Nous avions également établis nos propres ateliers pour fabriquer des fenêtres, nous avons fabriqué toutes les briques sur le site, nous avons importé notre propre usine de fabrication de tuyaux et de nombreux autres articles qui ont diminué les coûts (mais dans le même élan a également créé plus d’emplois locaux) pour nous permettre d’équilibrer les pertes.

Question: Il y a aussi des allégations de corruption entre votre entreprise et le Premier ministre Matata Ponyo

Réponse: Je n’ai pas détail sur le processus de paiement au niveau du gouvernement, mais de notre côté, pour la Phase 1, nous établissions une facture mensuelle que le gouvernement payait dans notre compte Africom, au cours de la Phase 2, nous avons été payés un montant fixe par mois qui a ensuite été déduit du montant du contrat initial convenu et comme vous le savez, cela a été arrêté après quoi nous avons reçu quelques paiements partiels plus petits jusqu’à ce que tous les paiements ont été arrêtés.

Je n’ai rencontré Mr Matata qu’une fois dans son bureau pendant 10 minutes et nous n’avons évidemment pas discuté des questions d’argent.

Donc, pour répondre à votre question non, il (PM Matata) n’a jamais été impliqué dans des discussions financières à tous.

S’il vous plaît garder à l’esprit que tous nos revenus, dépenses, actifs, etc, sont soigneusement documentés et vérifiés par PWC chaque centime, chaque actif et toutes les dépenses et les revenus.

Question: pourquoi pensez-vous que le projet a trébuché?

Réponse: Le jour où l’équipe de Matata est partie et a été essentiellement « désintégrée » a été le début de la fin de Bukanga Lonzo. Si l’équipe de Matata était encore active aujourd’hui, Bukanga Lonzo aurait été la « success story » du continent !

Bien que je ne connaisse pas le Premier ministre Matata sur le plan personnel, je pense honnêtement que sa vision et sa prise de décision décisive ont été un atout énorme pour la RDC.

J’ai souvent pensé qu’il fallait un homme fort comme lui pour faire réussir un projet comme Bukanga Lonzo. Malheureusement, lorsqu’une personne parle d’une personne de haut niveau comme le Premier ministre Matata en RDC, les gens pensent immédiatement qu’il y a de l’argent, de la corruption.

Question: à votre avis, quelle est la chance de Bukanga Lonzo d’être de retour sur la bonne voie?

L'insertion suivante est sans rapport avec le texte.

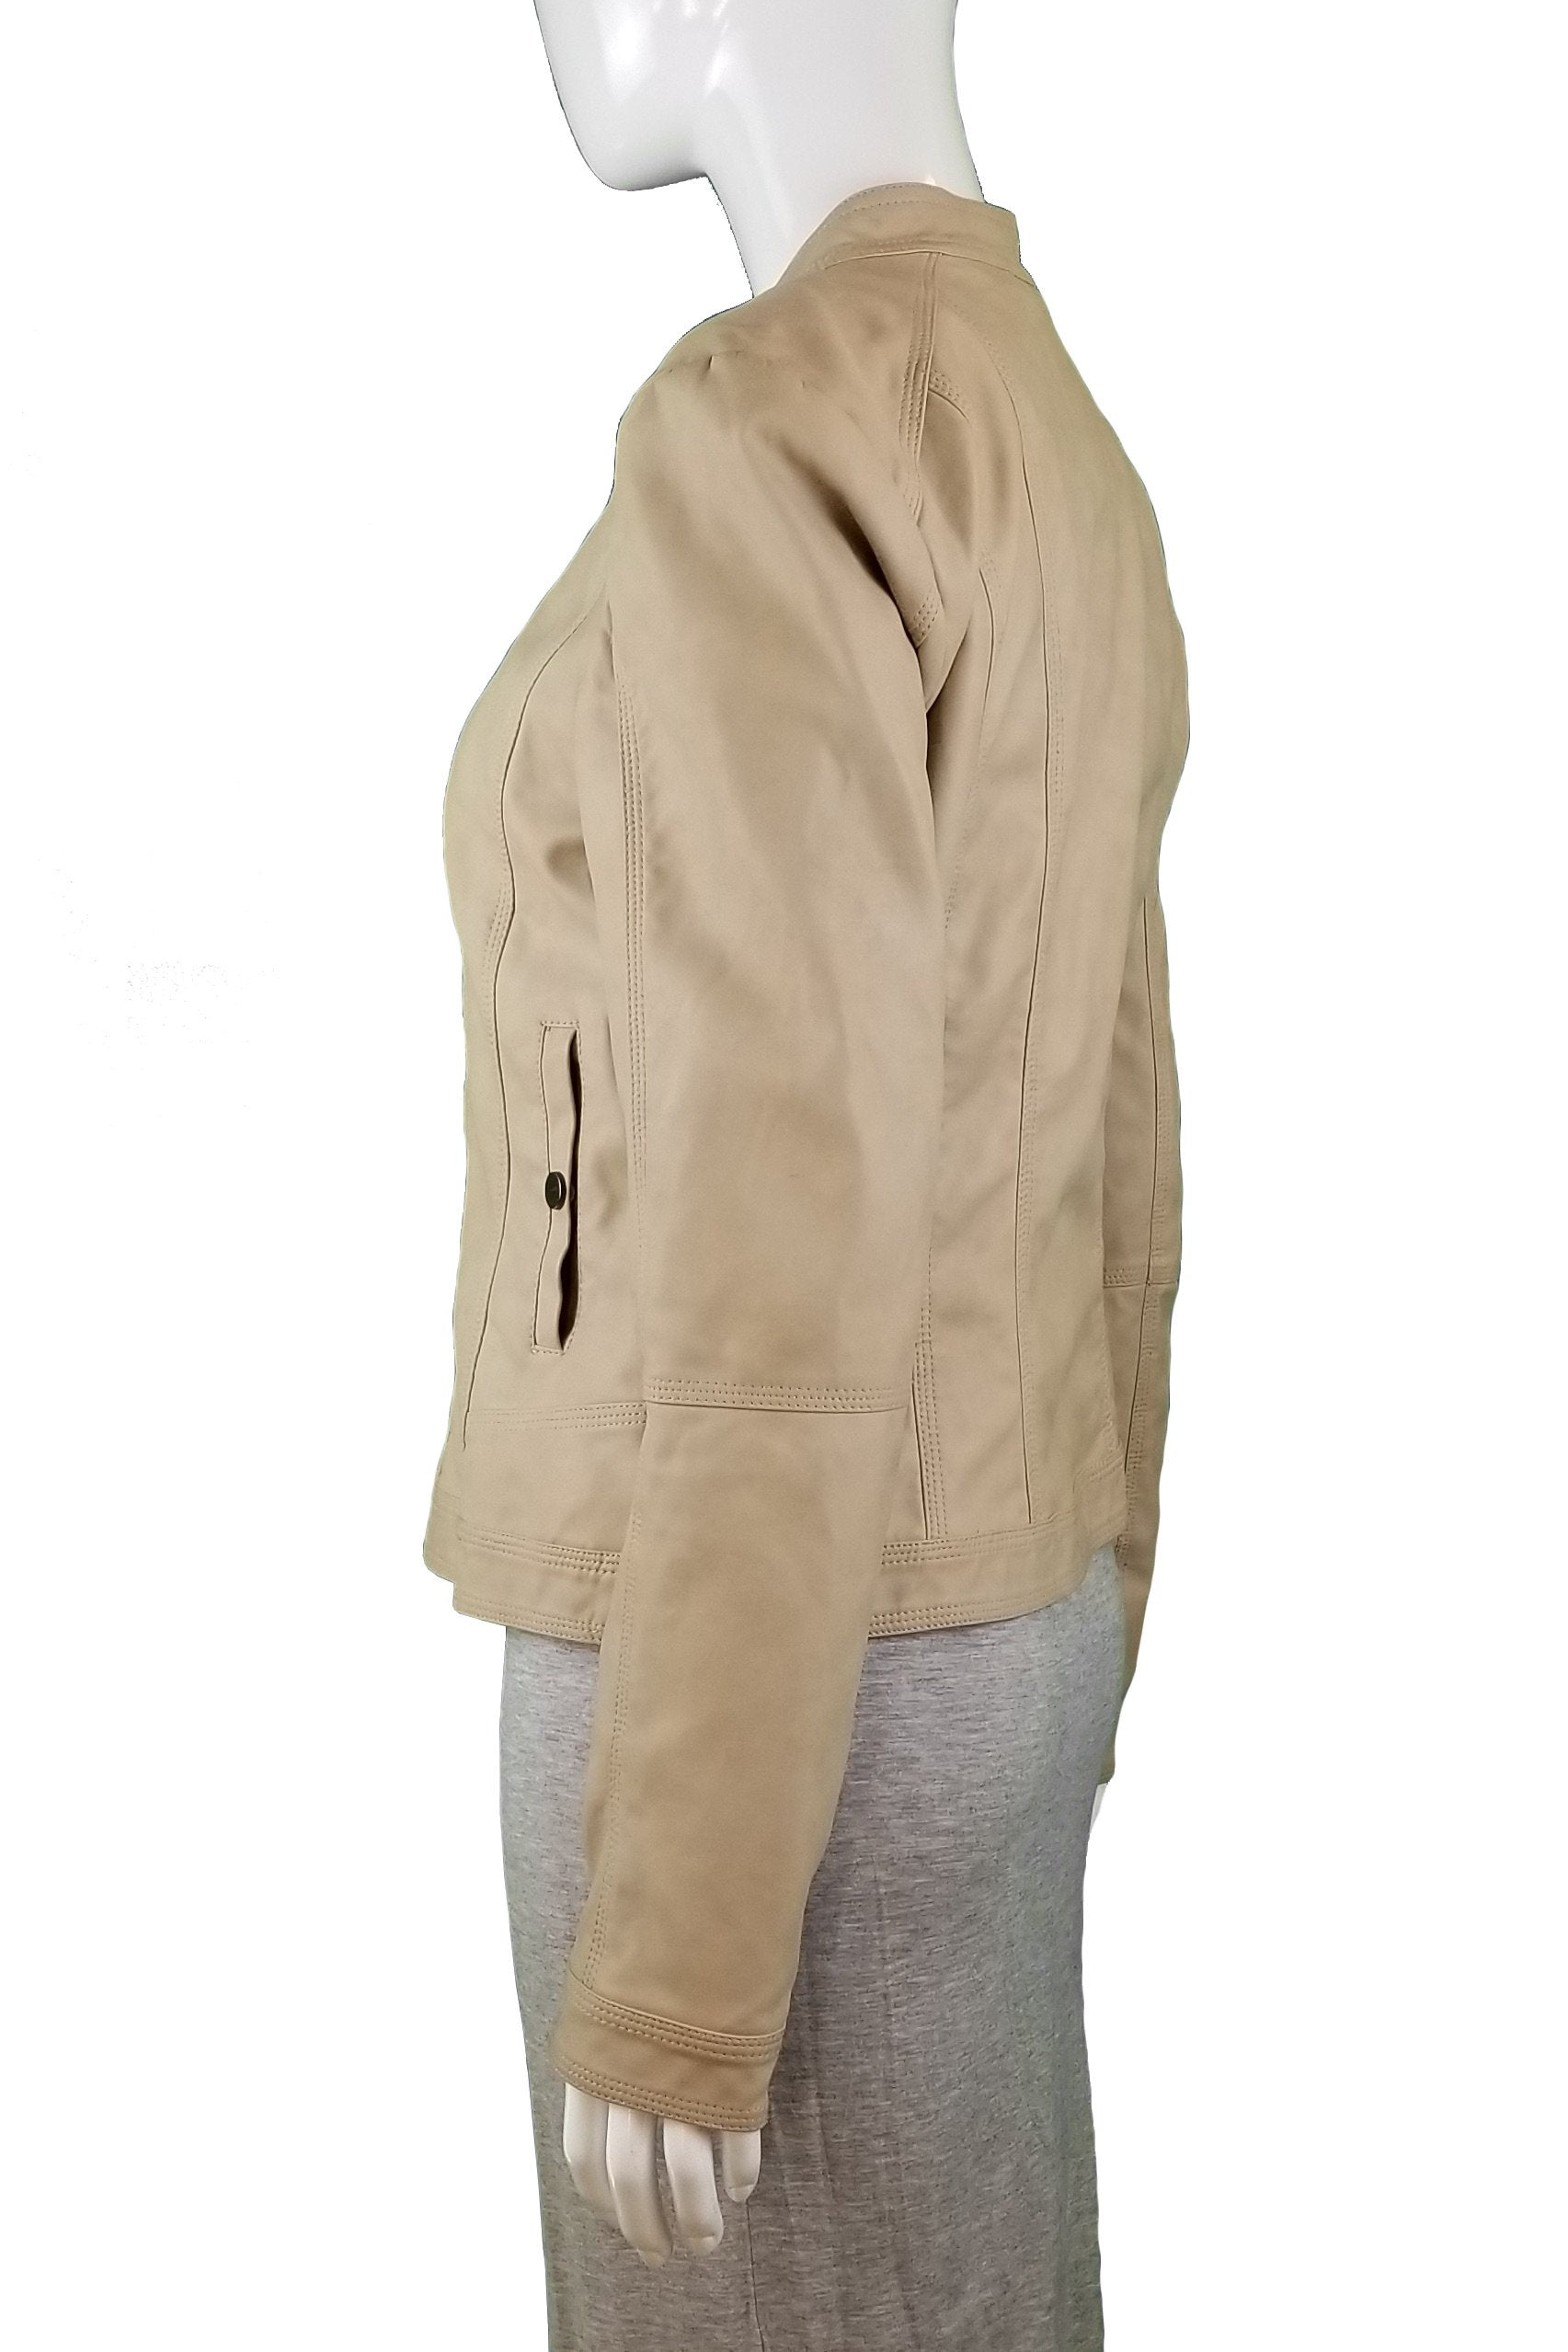 ONLY Faux Leather Jacket, Unique light color leather jacket, soft to the touch, Tan, Brown, Shell: 50% Polyurethane, 50% Viscose. Lining: 100% Polyester, women's Jackets & Coats, women's Tan, Brown Jackets & Coats, ONLY women's Jackets & Coats, women's leather jacket, ONLY women's jacket, women's coat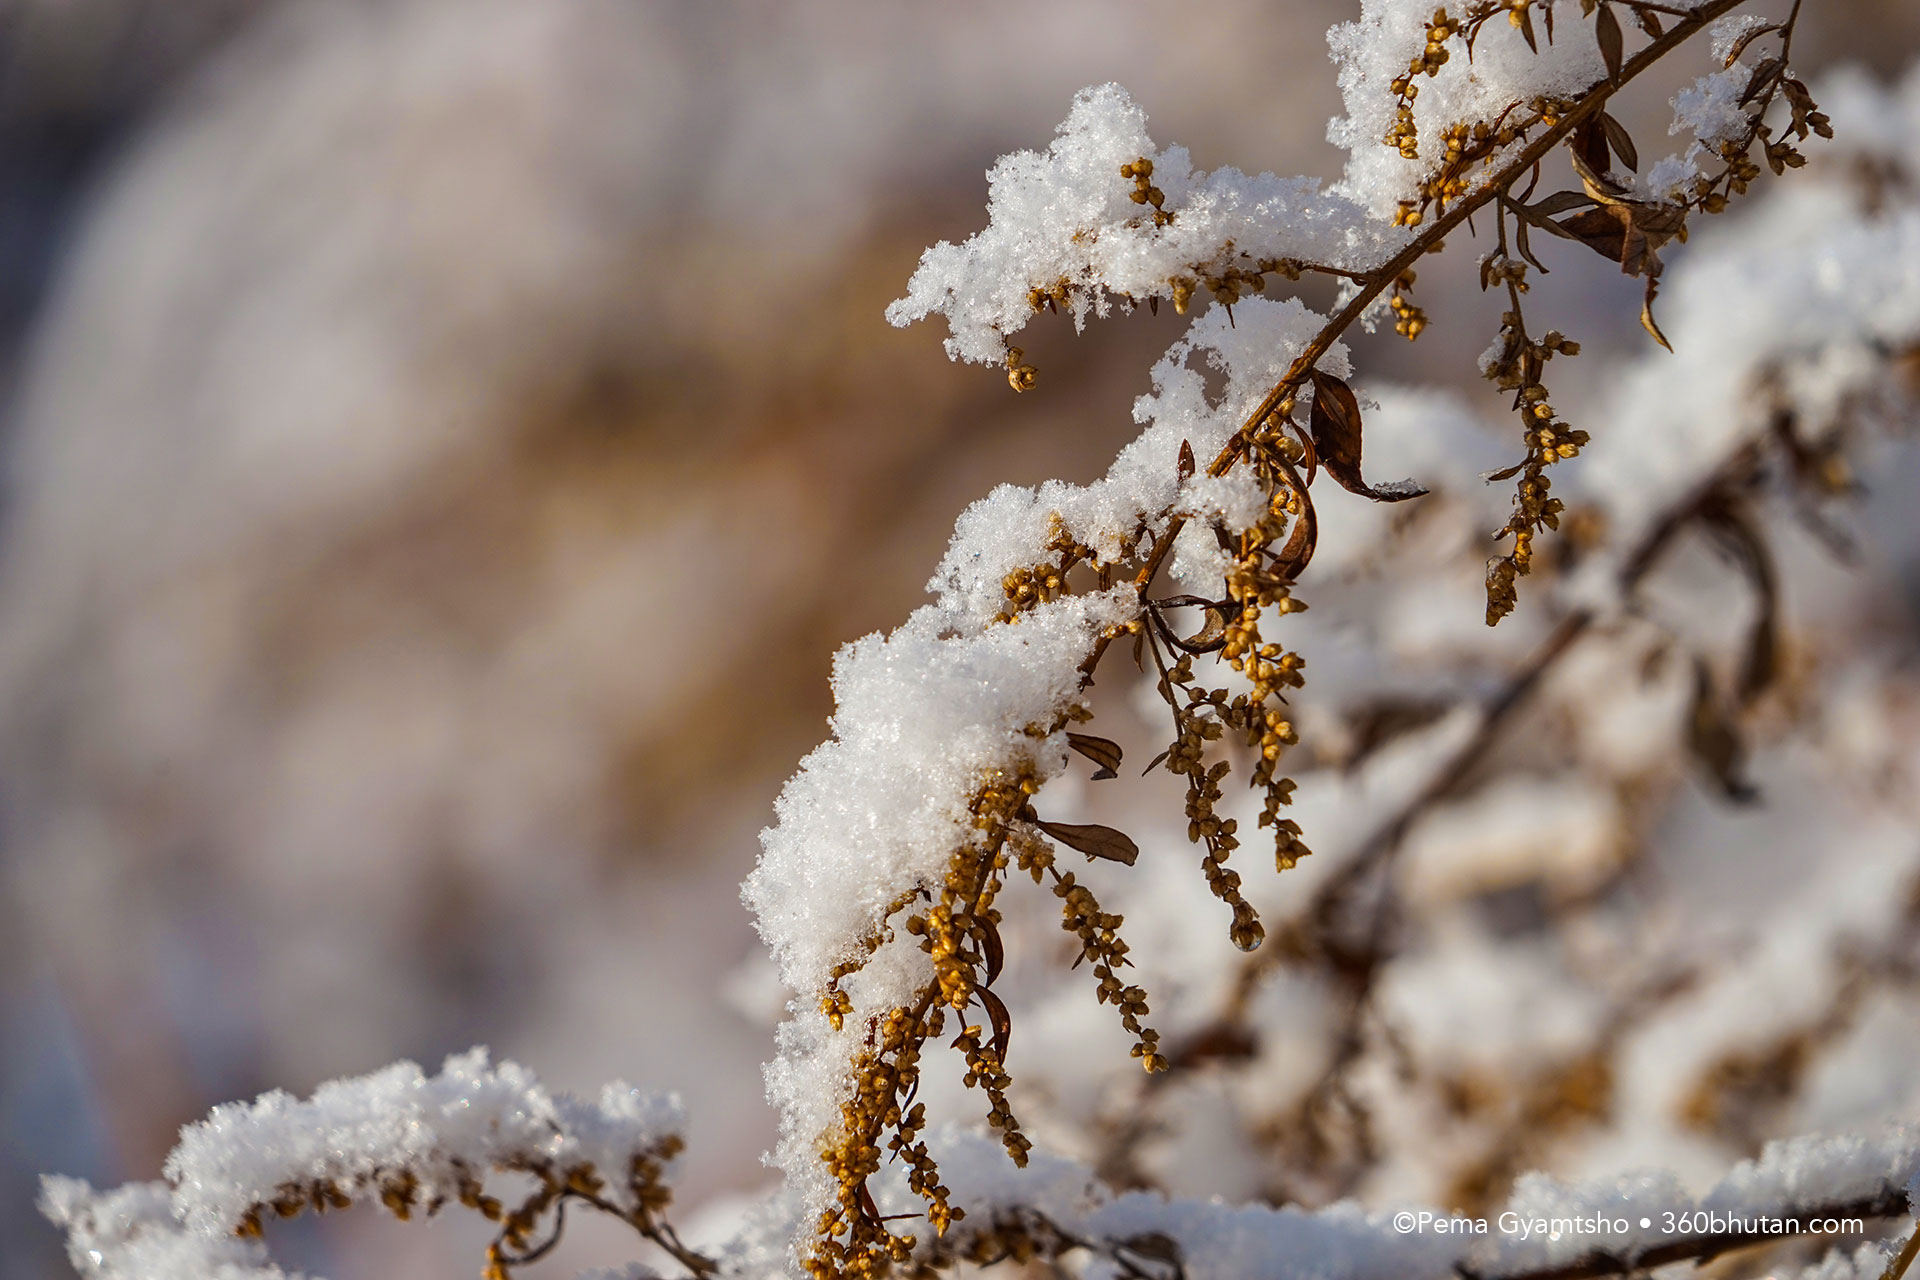 Nature teaches great lesson of interdependence. Dry artemisia plants holds snow on branches.

Réponse: Bukanga Lonzo peut littéralement redémarrer 7 jours après le feu vert du gouvernement. J’ai fait un flux de trésorerie et un nouveau budget. À ce jour, je dois honnêtement vous dire que beaucoup de gens n’ont pas la moindre idée du potentiel d’un projet comme Bukanga Lonzo.

Ce projet va changer le pays pour toujours! Mais il peut aussi tourner très mal s’il échoue et se retrouve dans les tribunaux internationaux et les médias internationaux et cela pourrait causer au pays beaucoup de mal inutile.

Question: que feriez-vous différemment?

Réponse: Je ne ferais pas beaucoup de choses différemment, mais évidemment, nous avons appris de l’expérience qui peut changer les choses considérablement.

Je vais également changer l’objectif de faire l’irrigation beaucoup plus rapidement pour permettre la production de légumes et une plus grande variété de spéculations plus rapidement. Je vais aussi commencer par le projet de poulet dès que possible.

Question: Un dernier mot?

Réponse: Malheureusement, cette approche n’est comprise que par une poignée de personnes comme vous pouvez l’imaginer.

Toutefois, j’ai pris cette décision et, alors que je suis ici aujourd’hui, je crois que ce projet s’en sortira et apportera des changements au pays et à la population du pays.

Extrait choisi par le journaliste Floride Zantoto.